None of that changes the fact that a ~31B local model today is about where the proprietary hosted models were a year or two ago, well before the notable inflection point in capability that happened around Q4 2025. It is obvious during use that the current frontier models are very far ahead of local models, and if a benchmark doesn't show that gap then it's not a good benchmark.

And that gap can't necessarily be closed any more than you can close the gap between a laptop and a server for compiling or 3D scene rendering -- I can't buy a laptop with 256 cores and 2 TB of RAM, but there are multiple cloud providers that will rent me such hardware by the hour.

At some point in the future it'll be possible to run a Fable-equivalent model on my local workstation, either from models becoming more optimized or local hardware becoming faster (or redesigned entirely, e.g. Taalas), but it's a simple matter of physics that if Fable runs on consumer hardware then whatever's running on datacenter-class hardware will be even more capable.

[OP] Yogthos | 9 days ago

Yes, giant frontier models can do more than ones you can run locally. That's not what I'm talking about though. What I'm saying is that local models, especially Qwen 3.6 27b, are getting good enough. To put it another way, if I can get around town on a bicycle, I don't need a monster truck.

However, anybody who's watched technology evolve knows how silly it is to project linear evolution here. There are papers coming out literally on weekly basis right now with people discovering new tricks for optimizing models, reducing memory usage, and improving capabilities. And it's entirely possible that similarly to how we see current crop of local LLMs beat frontier models from a year ago, the exact same thing will happen next year too.
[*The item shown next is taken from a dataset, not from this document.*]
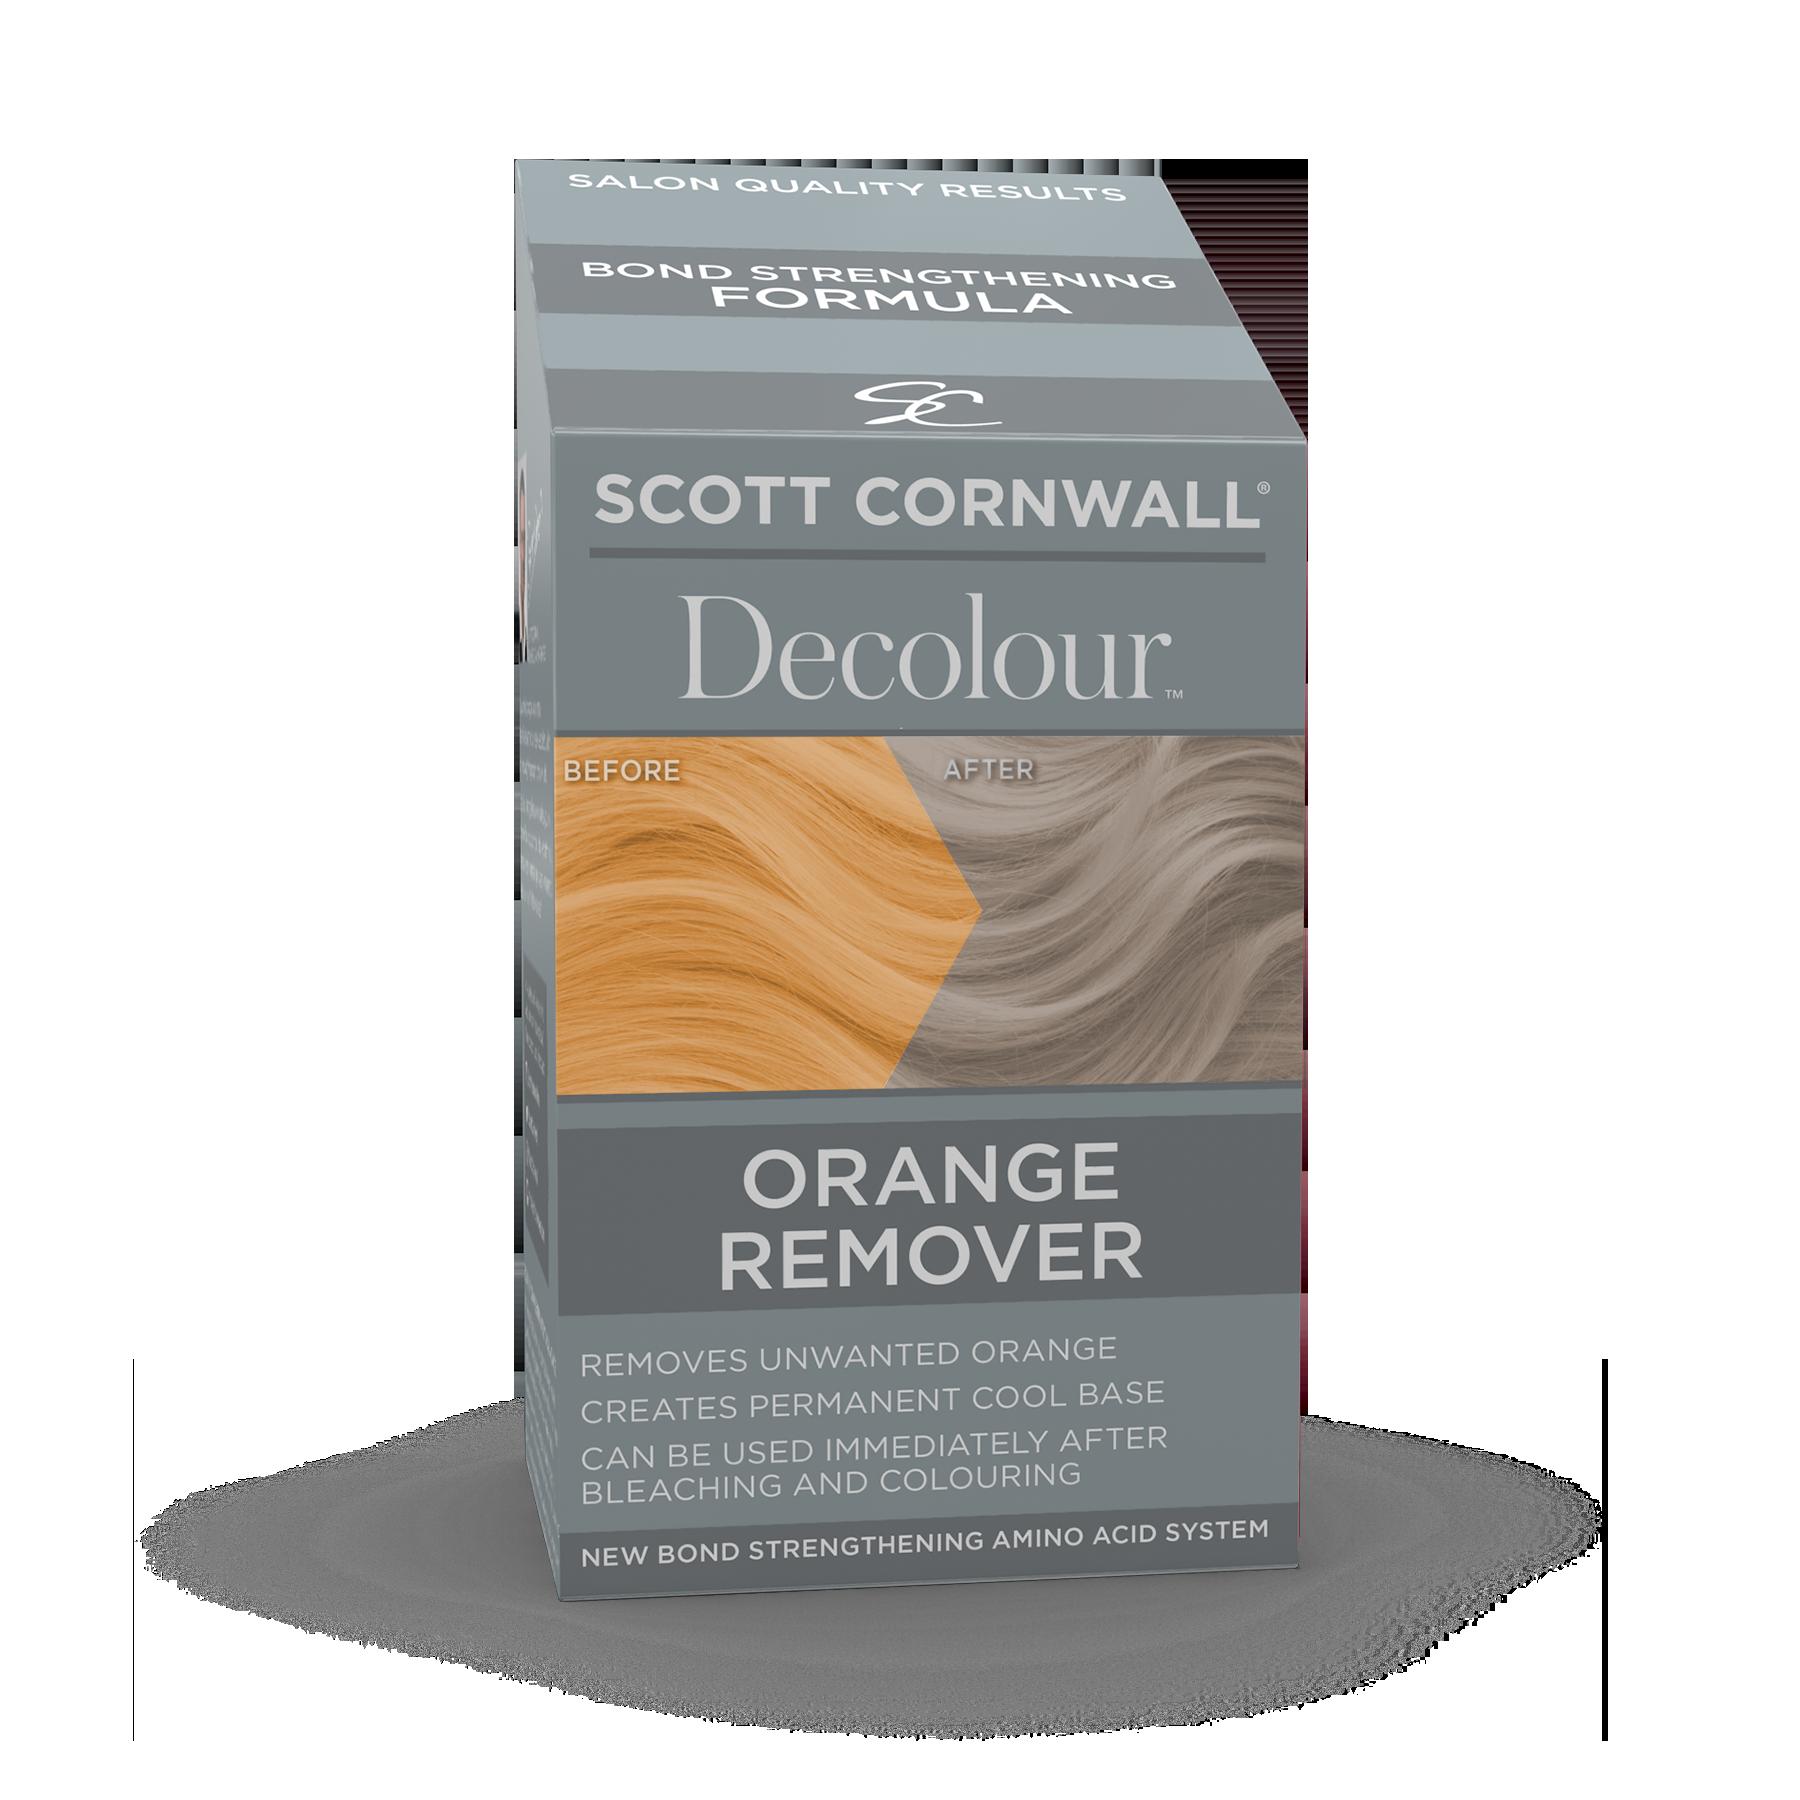 SC_D_Orange_Remover2

And it's a simple matter of common sense that if I can run Fable level model locally, it's going to be good enough for vast majority of things I do on day to day basis. We're already seeing this happen with people switching to DeepSeek instead of paying for Claude even though the latter is demonstrably more capable. If DeepSeek is doing good enough job, then it simply doesn't matter how much better Claude is. Similarly, if a model I can run and own does what I need it to, then I don't really care that the frontier model running in a data centre can do things that it can't.

: jmillikin | 9 days ago
What development do you anticipate in LLM implementation that would cause a local model to be as capable as a 3-month-old hosted frontier model, which is the claim I quoted?

jfb | 10 days ago

I mean this is a good point! But ISTM that there is a threshold and not thinking about that is a mistake when we look at what’s been good enough in other technical domains.

emk | 10 days ago

Local models are different in interesting ways, some of which may be an advantage:

Inference power consumption is roughly a high-end gaming GPU, and even then, only when generating tokens. This can usually be limited to about 300W. If you read the code, you're probably looking at spending 25% of a working day generating tokens, so 75W sustained.
Training power consumption for a few local-sized models a year could basically be absorbed into the background noise of industrial civilization.
You get to keep all your data local and you don't need to encourage the grifters quite so much.
Local models are dumber, which actually keeps me closer to the work. With Fable, I can give instructions like, "Fill in this street with houses," and get a bunch of crappy McMansions. With Qwen3.6 27B, I can say, "Paint these four rooms." The natural "chunk size" of the work and the small models' preference for concrete instructions force the user to understand the code in far more detail. That isn't to say that local models can't summarize project structure or find bugs. Just that they reward a far more hands-on working style.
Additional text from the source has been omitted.